Withholding freight charges awaiting after-the-fact contracts
Q: We are a large transactional broker that references our service terms and conditions on our load confirmation sheet. We have handled a series of shipments for a large shipper that now refuses to pay us unless we first execute its shipper-broker contract, which is more than 40 pages long. Is it legal to hold our freight charges hostage awaiting our signature on a contract not presented to us before the shipments moved?
A: I applaud you for setting forth your service terms and conditions on your Website and for incorporating them by reference on your load confirmation sheet. All too frequently, transactional moves are handled based upon load confirmation sheets without standard terms and conditions.
Your practice is similar to the practice of carriers and tracks the federal transportation statute that states that shipments are handled subject to written contracts, if any, that otherwise are subject to the carrier’s service terms and conditions, a copy of which is available upon request.
Clearly, when the shipper agreed to a rate in return for your service, it knew and could have reviewed your service terms and conditions, and in fact, you advise that the shipments were delivered intact and on time, so there is no real dispute over your service terms and conditions. If the shipper does not want to do future business with you unless it has a signed written agreement, it has the right to do so, and you can hammer out the details of its 40-page contract. Yet, it has no basis for not paying the freight charges on the delivered shipments in ordinary course. Any contract you executed with the shipper today would not apply retroactively in any event.
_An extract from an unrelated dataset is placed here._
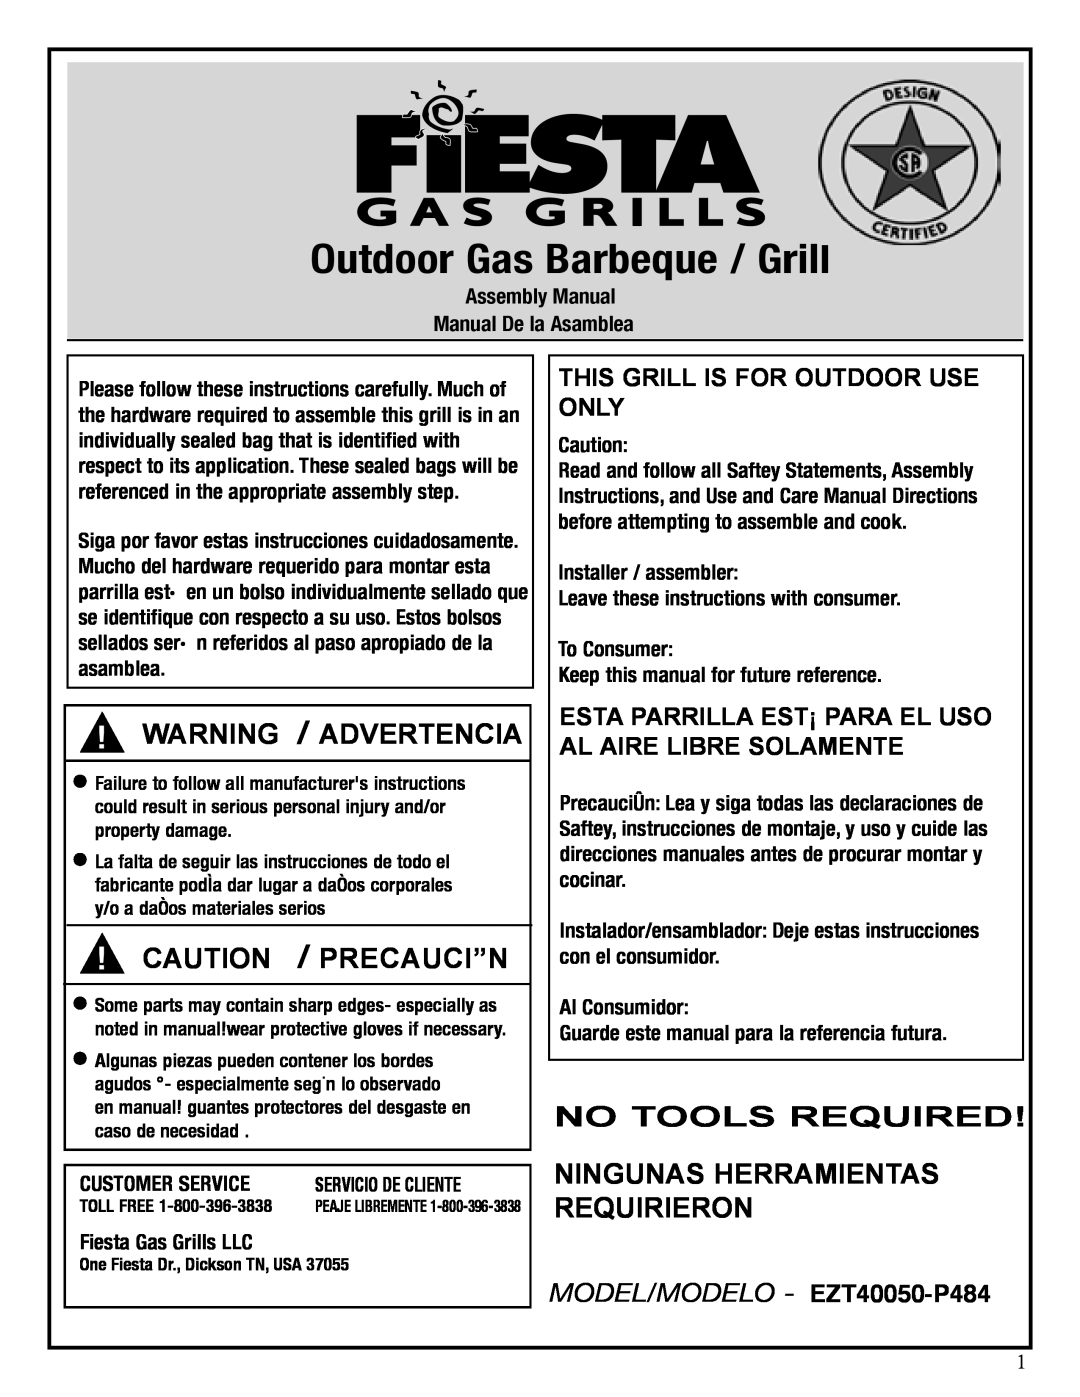 Fiesta EZT40050-P484 manual Warning / Advertencia, Caution / Precauci”N, Assembly Manual Manual De la Asamblea 
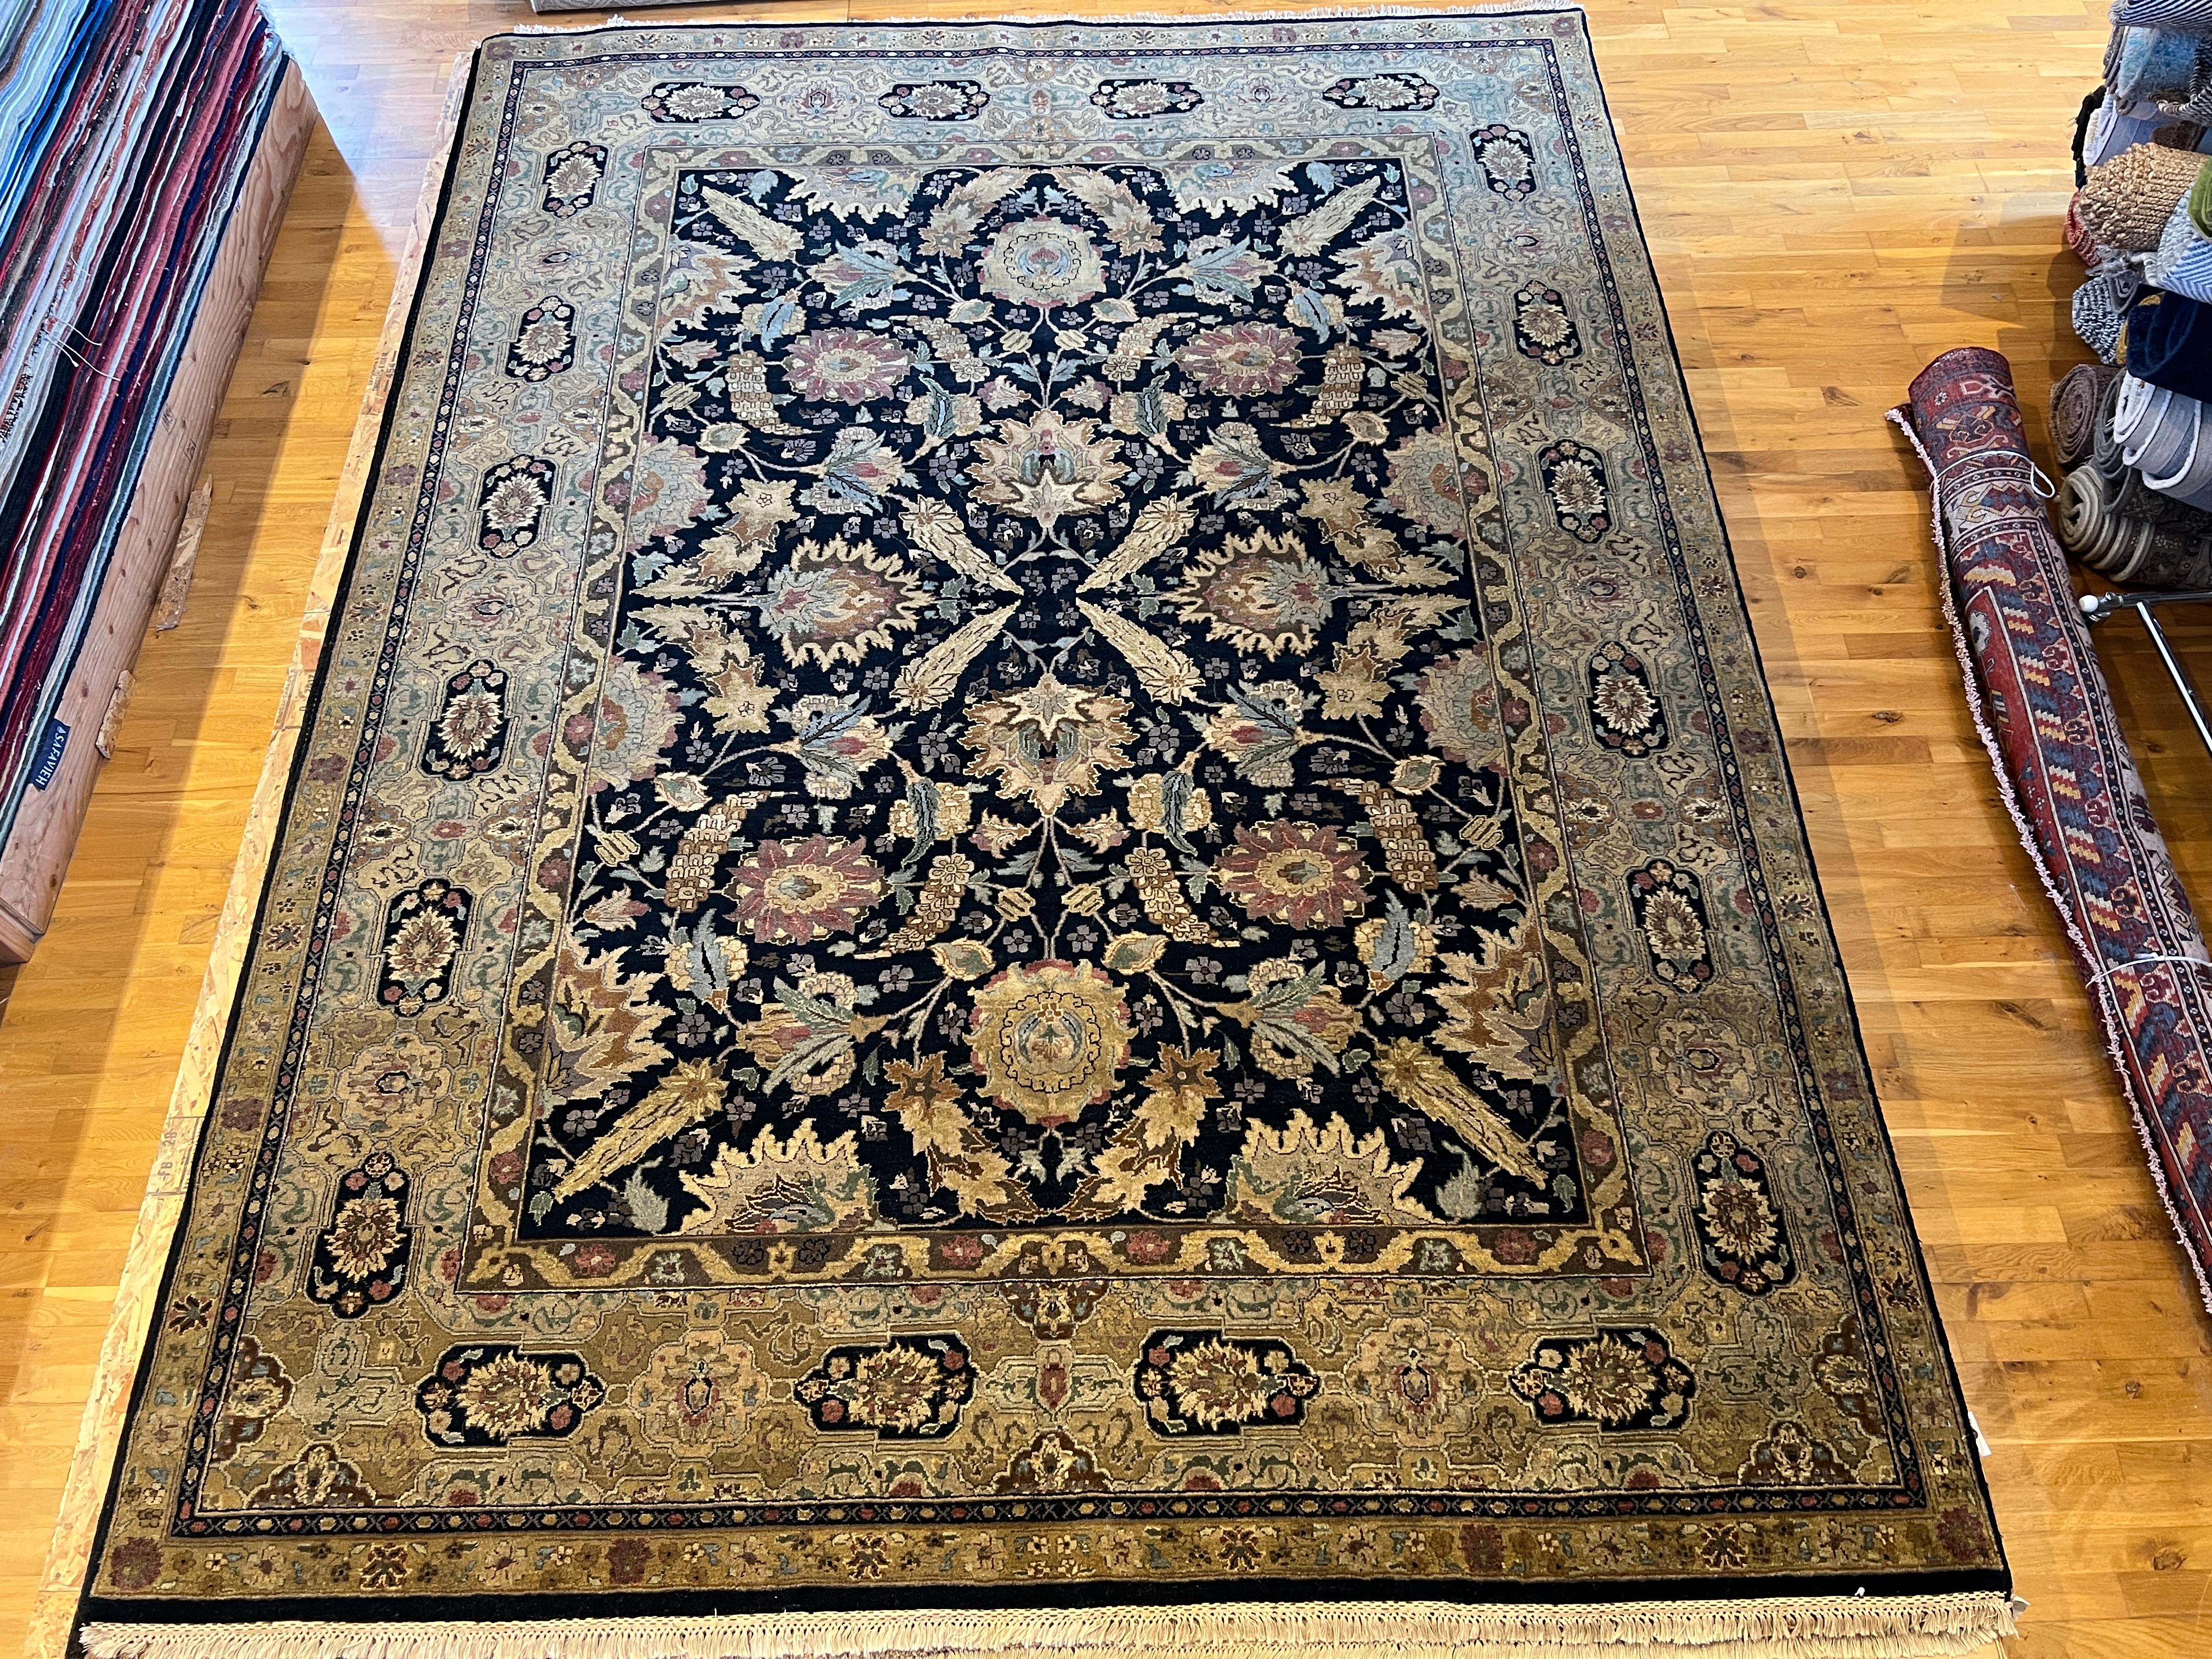 Voici notre magnifique tapis persan 9'x12', noué à la main en Inde avec de la laine et des teintures naturelles. Doté d'un champ noir modernisé et d'une bordure ivoire, ce tapis ajoutera une touche d'élégance et de sophistication à n'importe quelle

Moreover, as a broker, you have an obligation to bill and collect freight charges in a timely manner from the shipper and to transmit the payments upon receipt to the carriers you hired. Those carriers are not privy to your dealings with the shipper and deserve to be paid. There is no reason for their payments to be withheld for services provided, and there is no reason for you to finance the receivable for the shipper until a lengthy new contract is negotiated.
Clearly, you cannot get litigious with the customer and threaten to sue them over the issue if you want to curry their favor and future business. But fair is fair, and your accounts payable department should insist upon timely payment while your contract issues with respect to future business are being resolved.